Für Haenchen galt es nicht nur das bald begeisterte Publikum, sondern zunächst das NDR-Sinfonieorhcester von seinem ungewöhnlichen Ansatz einer konsequenten Verschlankung des "Riesenwerks" zu überzeugen. (...) Auf die Mahler-Aufnahmen, die Haenchen gerade mit dem Nederlands Philharmonisch Orkest vorbereitet, darf man besonders gespannt sein.
Christian Strehk
Kieler Nachrichten · 03. September 2001
Das Schleswig-Holstein Musik Festival 2001 endete mit einer umjubelten Aufführung von Gustav Mahlers dritter Sinfonie
(...) Ein krönender Abschluß also für das Schleswig-Holstein Musik Festival 2001, das erfolgreich war wie keines zuvor und dessen ende Publikum, Künstler, Organisatoren, Sponsoren und Politiker in einmütiger Freude feierten. So sprach ein "glücklicher Festival-Direktor" Rolf Beck gestern abend beim Abschlußkonzert im ausverkauften Kieler Schloss von einem "überragenden Erfolg" (...) was das NDR-Sinfonieorchester unter Leitung des für den erkrankten künstlerischen Leiter des Festivals Christoph Eschenbach eingesprungenen Hartmut Haenchen zusammen mit den Damen des NDR-Chores, dem Kieler Knabenchor und der amerikanischen Altistin Jill Grove bot, war "mahlerisch" im besten Sinne des Wortes. Gleich im ersten Satz gelang den Musikern die Balance zwischen "Tragik und Trivialität" vortrefflich. Da spiegelten düstere Passagen von Posaune, Pauke und gedämpften Trompeten die leblose Materie, bevor mit zunächst ganz zart anklingenden Marschpassagen Leben ins Spiel kam. Bestens herausgespielt die dynamischen Steigerungen vom vierfachen Piano bis zum rauschhaft ekstatischen Tutti, das stellenweise fast operettenhaft klang.

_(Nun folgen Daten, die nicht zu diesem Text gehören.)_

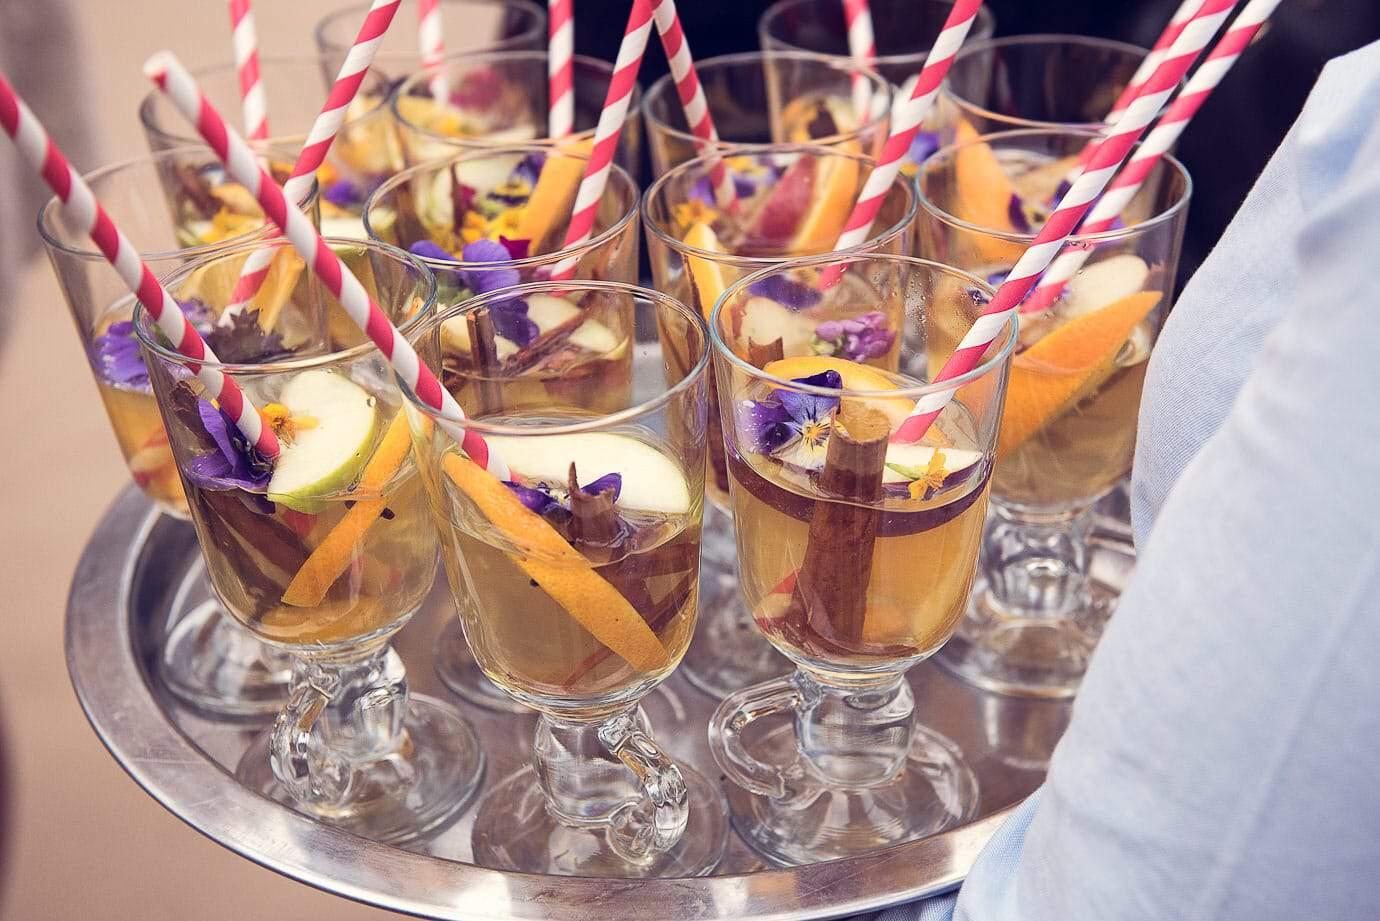 Spiced Christmas drinks at Plush Manor wedding drinks reception
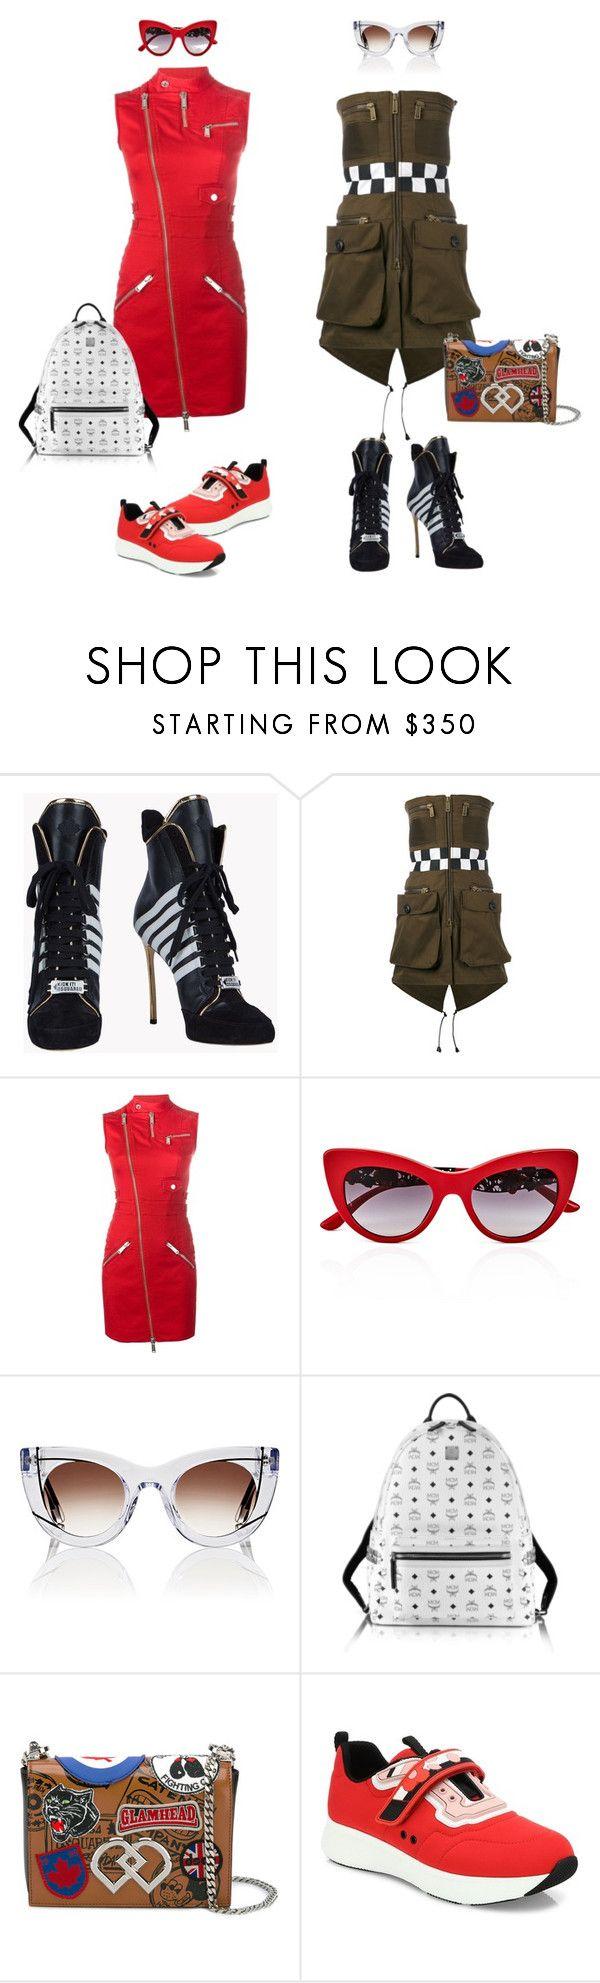 """Мини-платья от Dsquared2"" by repriza on Polyvore featuring мода, Dsquared2, Dolce&Gabbana, Thierry Lasry, MCM и Prada"

Nicht nur hier wurde echter Raumklang realisiert: Denn seidig-elegant gelang das Menuett des zweiten Satzes, und im Scherzo wechselten ländliche Tanzformen mit dem volksliedhaften Posthornthema, das bei fast geschlossener Tür aus dem Foyer klang.
Das "Mitternachtslied" aus Friedrich Nietzsches Dichtung "Also sprach Zarathustra" fand seine ideale Realisierung in Jill Groves vollem und klaren Alt, aus dem Orchester mit einem charakteristisch klagenden Oboenmotiv beantwortet. Hier entstand echte Nachtstimmung, bevor dann der fünfte Satz "Es sungen drei Engel" mit dem sphärisch agierenden Frauen-Ensemble und den kecken Kieler Chorknaben als eine von aparten Gegensätzen geprägte Himmelszene gelang.
Zum Schluß sang das Orchester sich aus in einer nicht enden wollenden Steigerung, an deren Anfang nur die Streicher standen, und deren Ende eine strahlend-hymnische Apotheose bildete. Lang anhaltender Beifall.